(Dataset content)
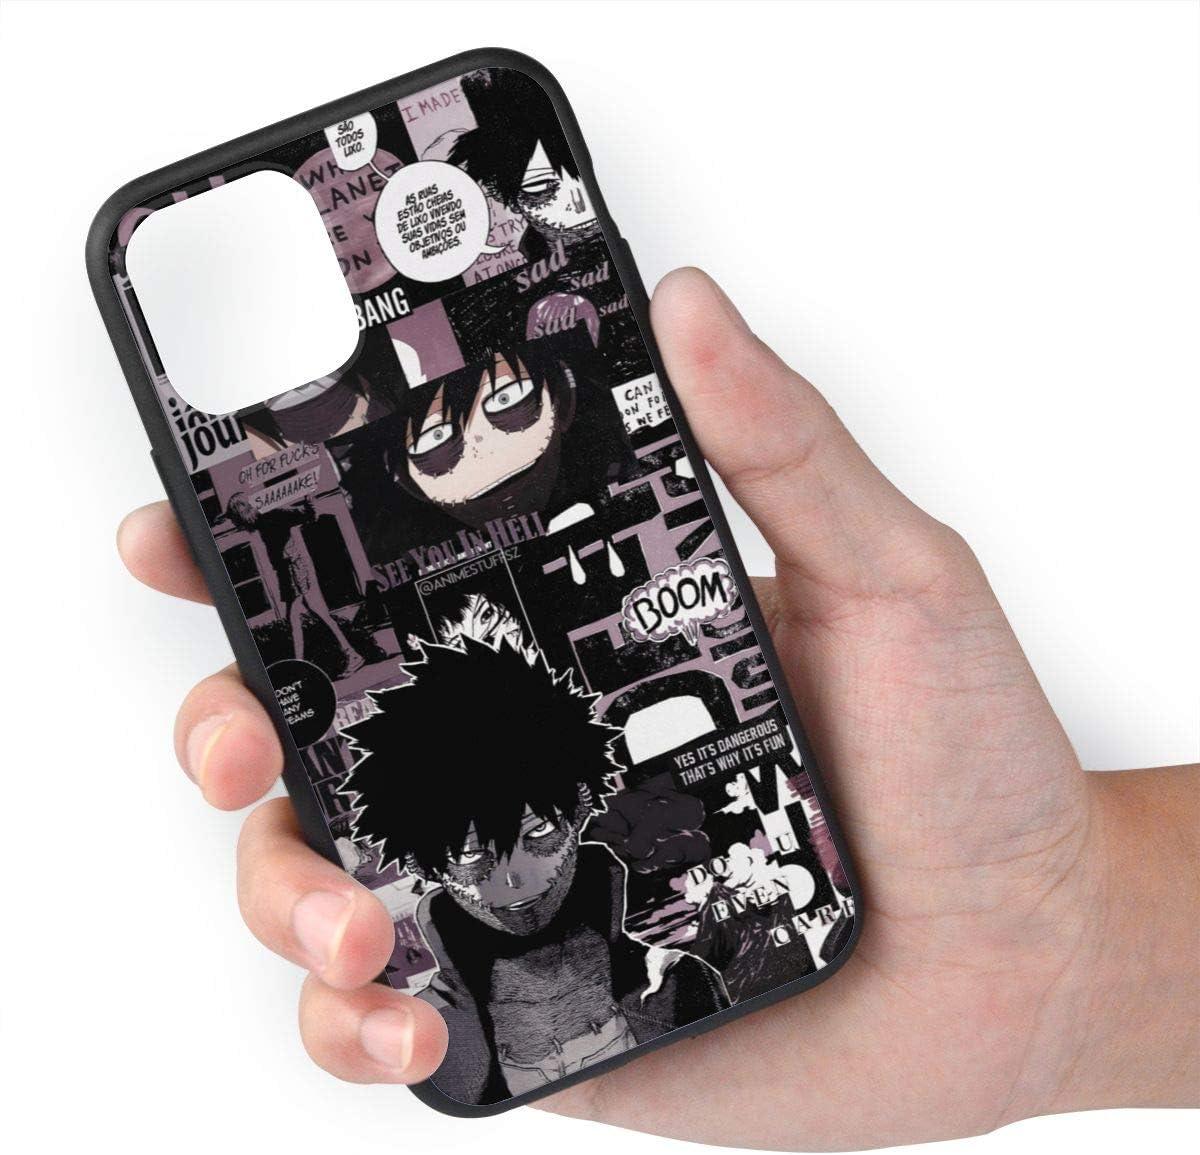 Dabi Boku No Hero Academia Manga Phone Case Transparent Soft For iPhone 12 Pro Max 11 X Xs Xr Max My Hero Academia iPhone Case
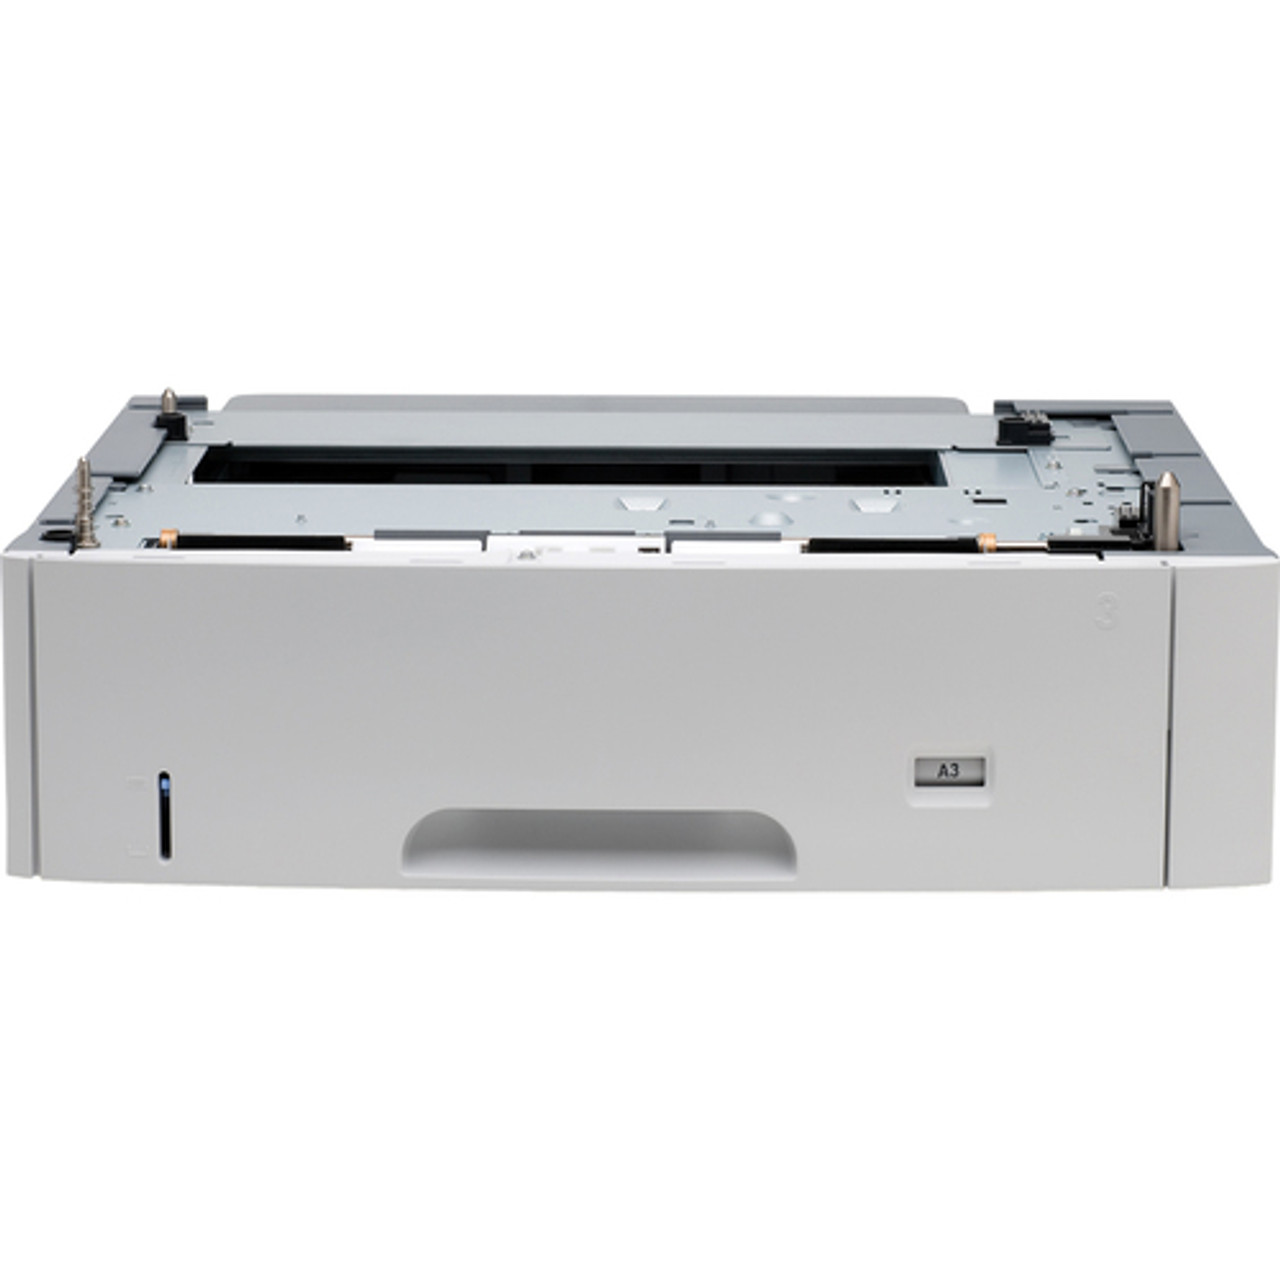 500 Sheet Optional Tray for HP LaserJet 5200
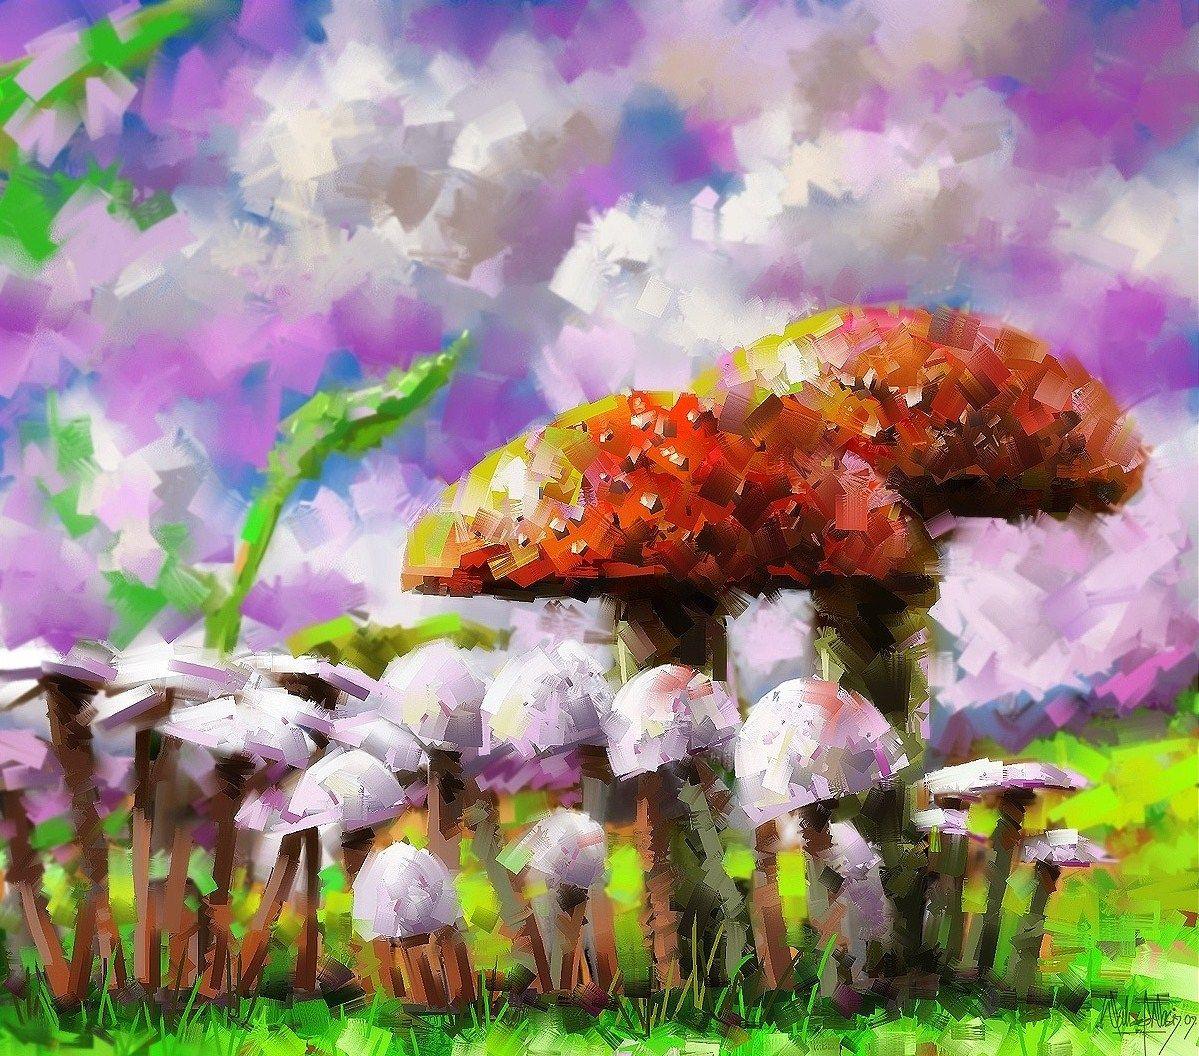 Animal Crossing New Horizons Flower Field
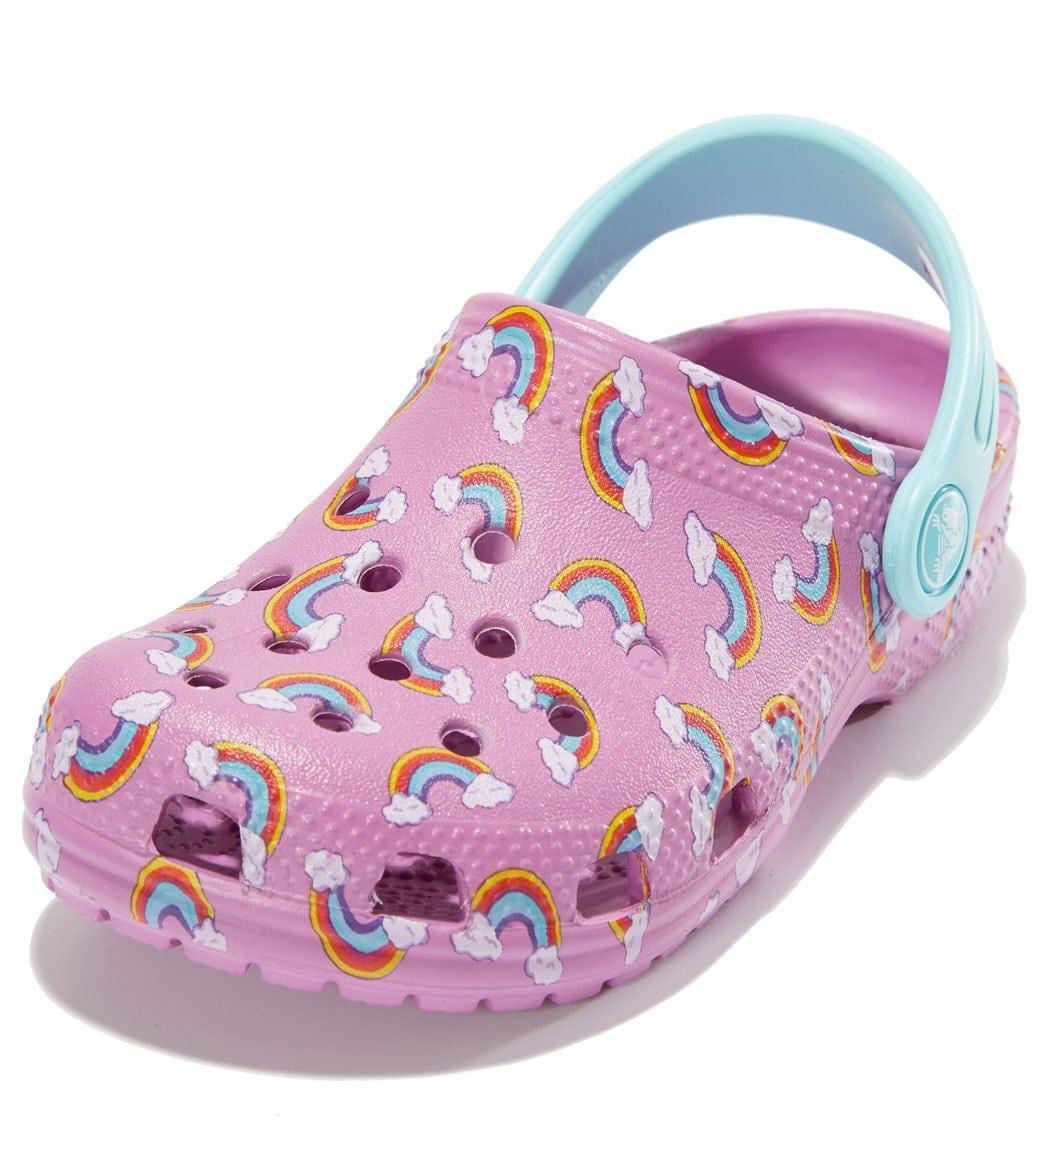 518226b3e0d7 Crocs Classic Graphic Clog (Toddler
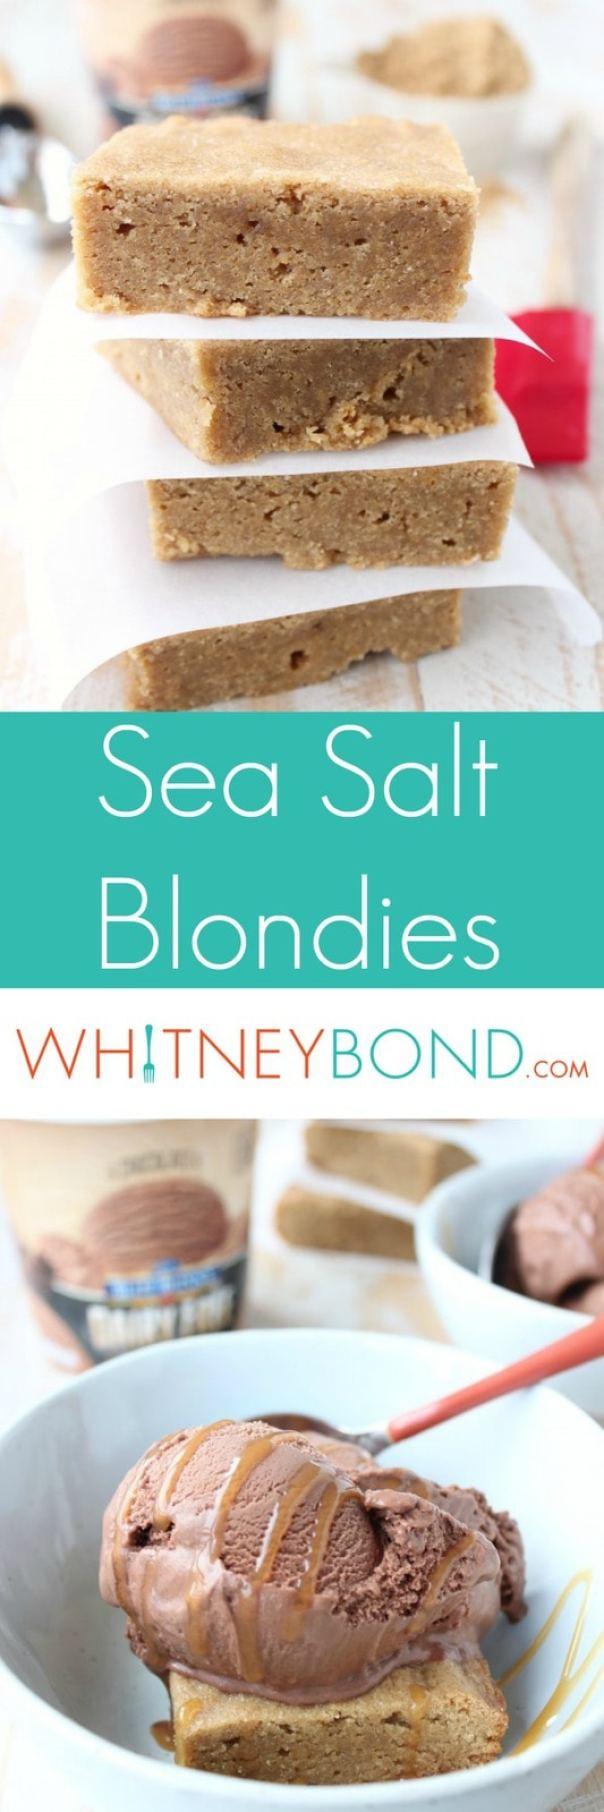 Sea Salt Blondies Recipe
(End Dataset content)
_Assignment_.
Reproduce the listing exactly. The pictures are to be omitted.

_Your response_.
 Dabi Boku No Hero Academia Manga Phone Case Transparent Soft For iPhone 12 Pro Max 11 X Xs Xr Max My Hero Academia iPhone Case
 500 Sheet Optional Tray for HP LaserJet 5200
 Animal Crossing New Horizons Flower Field
 518226b3e0d7 Crocs Classic Graphic Clog (Toddler
 Sea Salt Blondies Recipe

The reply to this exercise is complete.